Das Bedürfnis zu schreiben geht bei Kronauer zurück auf ein Jugenderlebnis im Nachkrieg, als sie bei einem Spaziergang im Wald eine weggeworfene Krücke für eine Schlange hielt. Dieses Erschrecken hat sie für ihre Mutter erzählerisch, mimisch und gestisch nachinszeniert.

"Ich wollte meine Zuhörerin zunächst in Spannung versetzen, dann amüsieren, und ich selbst, hoffte ich, würde alles beim Erinnern und Erzählen nacherleben, vielleicht jetzt sogar atemberaubender."

Beim bloßen Schreiben aber treten dann ganz andere Probleme auf. Wie kann man einer Begebenheit wahrhaft mit Worten habhaft werden? Kronauer schilderte ihr stundenlanges Versunkensein vor einem Zookäfig, während die Schnellgucker mit gezücktem Fotoapparat an den exotischen Tieren vorbeiflanierten. Ergo: Es ist die Entscheidung für eine bestimmte Wahrnehmung und deren Bewältigung, die einen zum Schriftsteller macht – jenseits der Medien, jenseits der Seh- und Sprachschablonen.

Kronauers Gewährsleute auf dem Weg zum eigenen Schreiben sind das Hemingway-Vorbild Sherwood Anderson, der kafkaeske Hungerpoet Knut Hamsun, der schon belobigte Sprachspieler Ror Wolf, der verzweifelte Cesare Pavese.
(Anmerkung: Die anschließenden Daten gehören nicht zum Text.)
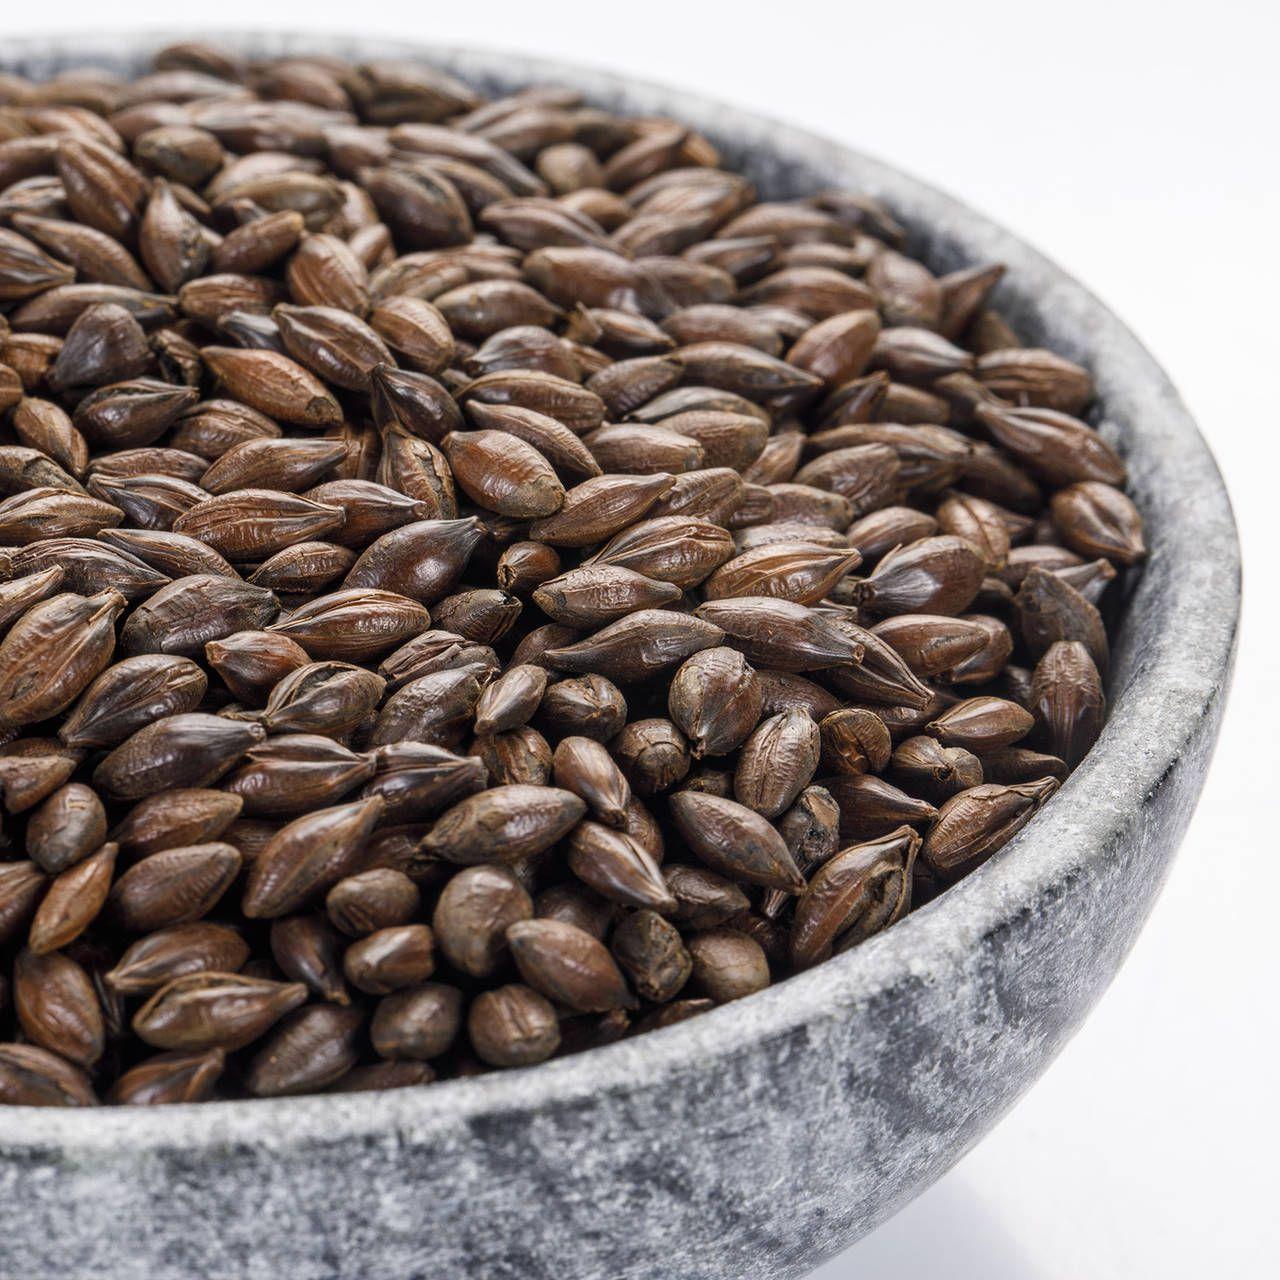 Malte Viking Roasted Barley (Cevada Torrada) Embalagem 250g

Und natürlich Nabokov, von dem man lernen kann, wie Literatur "uns formuliert".

Am Beispiel von Sherwood Anderson zeigte Kronauer, wie das geht: den Einbruch der Erotik ins Normalleben zu schildern. Er habe das Gefühl, nicht er selbst zu sein, sagt der Protagonist in Andersons "Etliche Ehen", der an sich eine Art Schwangerschaft feststellt. Natürlich ist es nur Verliebtheit, aber was für eine Bildfindung!

Als Gegenbeispiel dann Hamsun, der Wahrhaftigkeitspoet, der den Hunger bis zum Knochenabknabbern real erlitt. Er erzeugt Mitgefühl, Trauer, Schmerz gerade durch das Authentische, aber auch er erfand eine poetische Struktur für seine Hungerwellen. Nach Hamsuns Mangel dann Ror Wolfs Überfluss: am Verschlingen und Verdauen, an Unglücken, an Wortspielen. Und Pavese, der Kronauer durch vier magische Worte beeindruckt.

"Lange Zeit waren für mich Inbegriff eines des alles spendenden Romanbeginns die vier melancholisch entrückenden Wörter der älteren Übersetzung von Cesare Paveses 'Der schöne Sommer'. Sie lauten: 'Damals war immer Festtag'. Klingt das nicht wie das 'Es war einmal' der Märchen, nur ein bisschen vom Leben verwundeter?"

Die Notwendigkeit von Literatur in der Mediengesellschaft ergibt sich für Kronauer schon aus der Tatsache, dass, wer schabloniert schreibt und denkt, irgendwann auch schabloniert empfindet. Dagegen schreibe sie an, sagt sie. Auch gängige wissenschaftliche Systeme stehen bei ihr unter Vereinfachungsverdacht. Die Literatur ist sozusagen die Königsdisziplin, und Kronauer wird dann gern auch definitorisch tätig.

"Literatur macht aus der Gesellschaft wieder Einzelwesen. Sie zeigt mit dem Finger auf den Leser. Sie ist höchstpersönlich in geheimnisvoller Weise jeweils auf ihn gemünzt."

Und das geht nur durch Methode: Das Artifizielle sei das Reale, sagt Kronauer. Das Artifizielle ist aber auch das Problem ihres Schreibens, das hochkalkuliert daherkommt, voller wunderbarer Wahrnehmungen und Wortfindungen, in seiner Gespreiztheit aber bisweilen auch nerven kann. Das gilt auch für die Vorlesung: hochintellektuell, aber manchmal werden auch gut verpackte Banalitäten dargeboten.
Aber, was soll's, Kronauers Literatur ist ja auch therapeutisch zu gebrauchen.

"Literatur erleichtert unsere prinzipielle, wenn auch oft überdröhnte Einsamkeit, ja, hebt sie gelegentlich auf, indem sie unser Einsamsein, unser uneingestandenes Außenseitertum beschreibt."